A guide to setting up GKE multi-cluster Gateway

SADA Says | Cloud Computing Blog

By SADA Engineering

Introduction

In Google Kubernetes Engine (GKE), the Ingress feature serves to expose services outside the cluster, establishing a layer 7 load balancer. However, traditional Ingress implementations pose certain limitations. Specifically, they mandate that Ingress and its associated services reside in the same namespace. Additionally, all routes and rules are confined within a single YAML file, often leading to complexity when managing multiple rules and annotations. This complexity further escalates when multiple teams share the Ingress resource, risking route disruptions caused by changes made by individual teams.

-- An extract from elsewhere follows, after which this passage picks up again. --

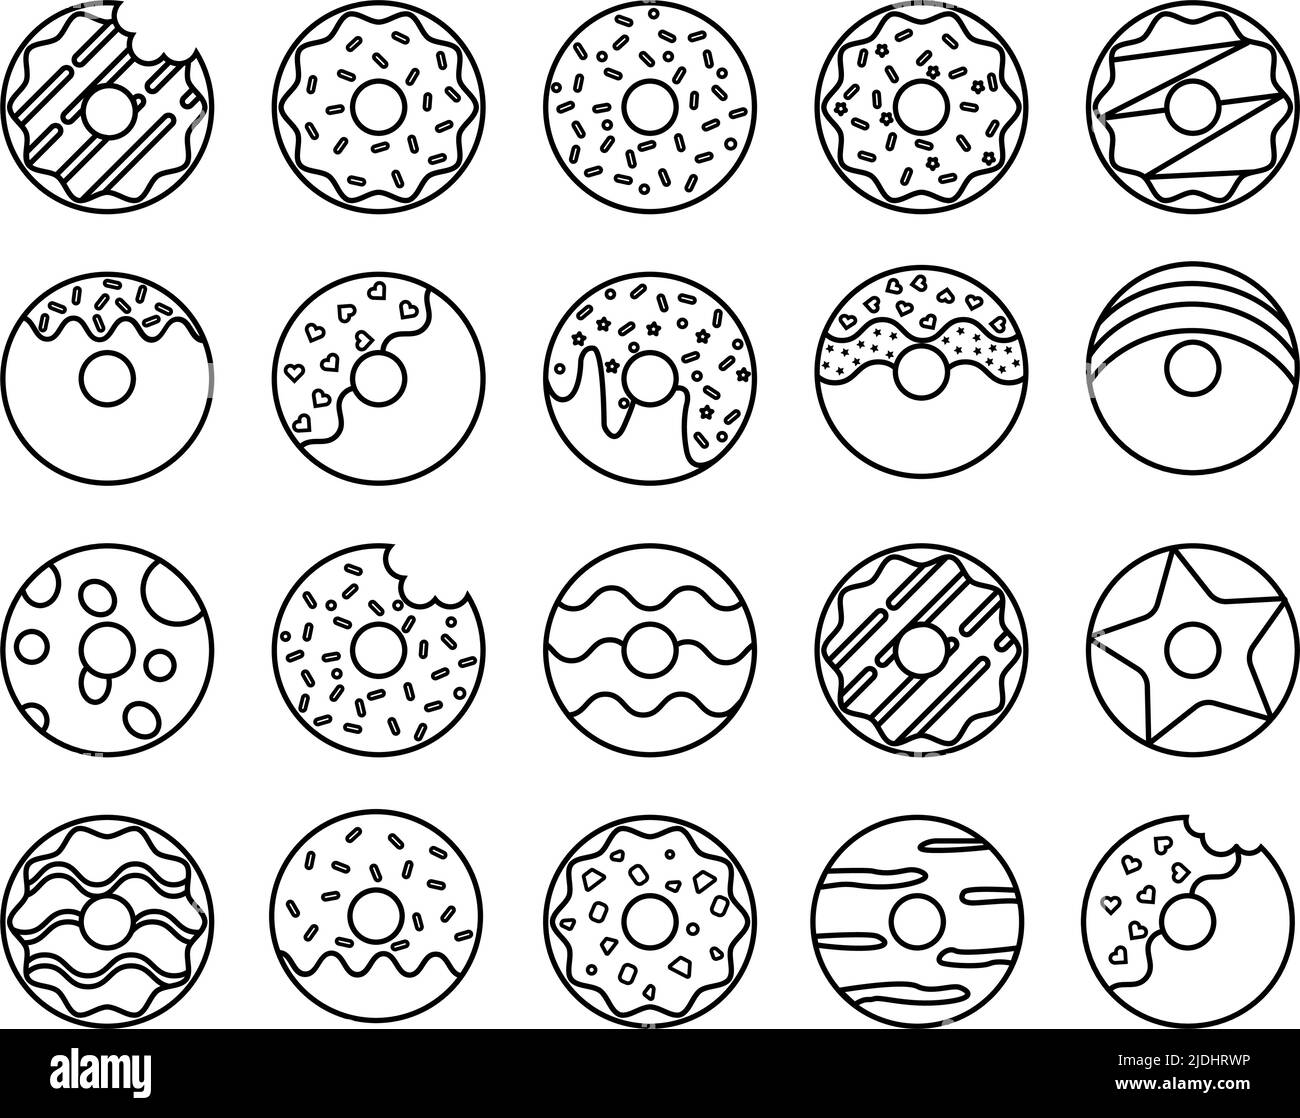 Donuts design vector set. 20 pixel perfect icons Stock Vector
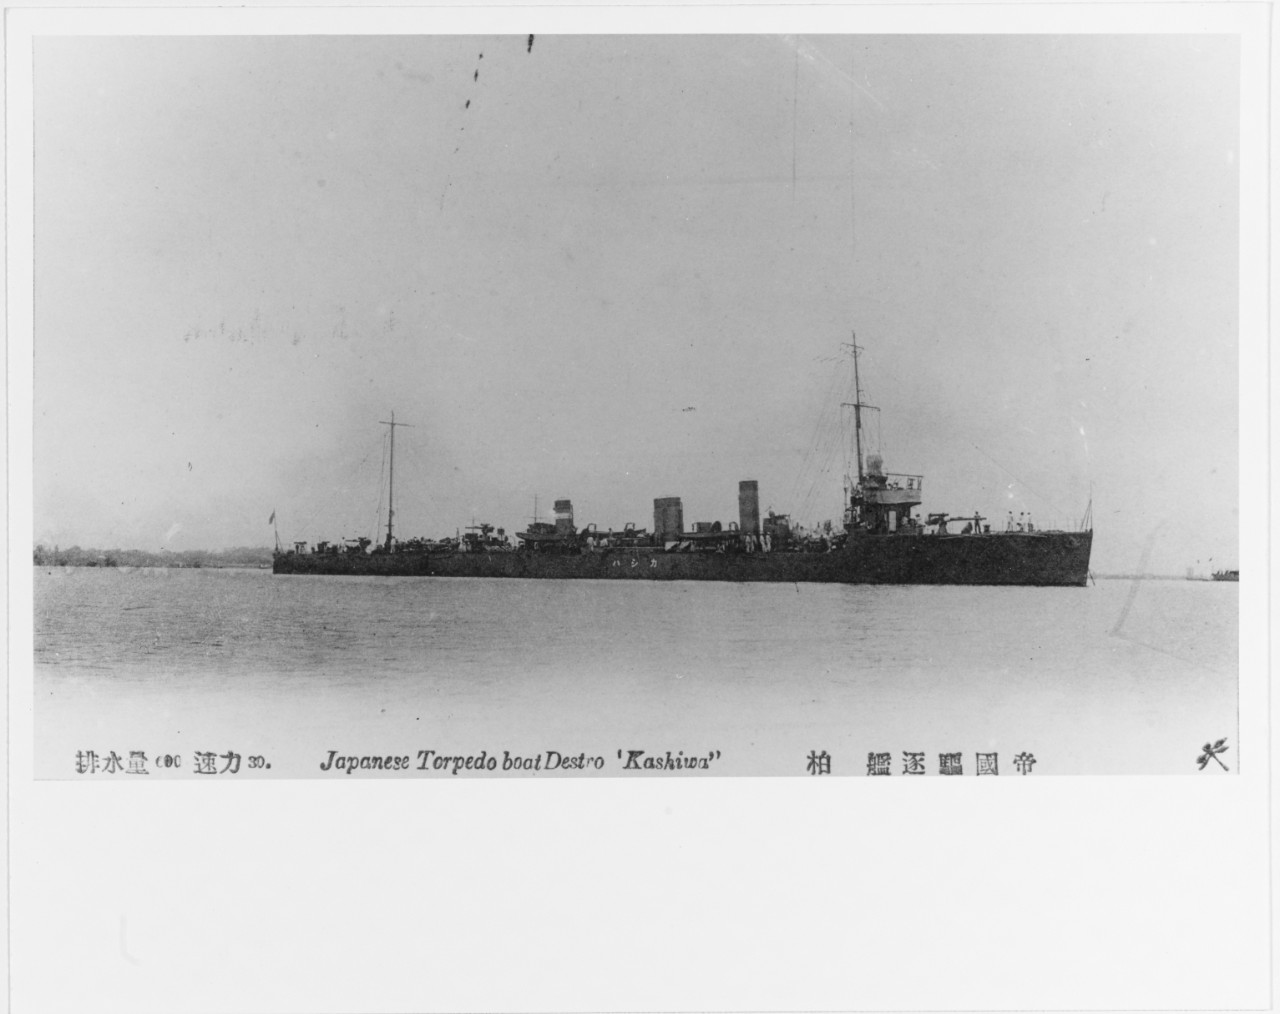 KASHIWA (Japanese Destroyer, 1915-1931)

The GKE Gateway addresses these challenges effectively. It enables cross-namespace routing, allowing the Gateway to exist in its dedicated namespace—a manageable space for platform teams. Application teams can independently manage their routes and share the Gateway. The GKE Gateway is Google Kubernetes Engine’s implementation of the Kubernetes Gateway API for Cloud Load Balancing. The Kubernetes Gateway API, overseen by SIG Network, is an open-source project comprising diverse resources that model service networking within Kubernetes.

There are two versions of GKE Gateway controller: 

  • Single cluster – manages single-cluster Gateways for a single GKE cluster.
  • Multi-cluster – manages multi-cluster Gateways for one or more GKE clusters in different regions.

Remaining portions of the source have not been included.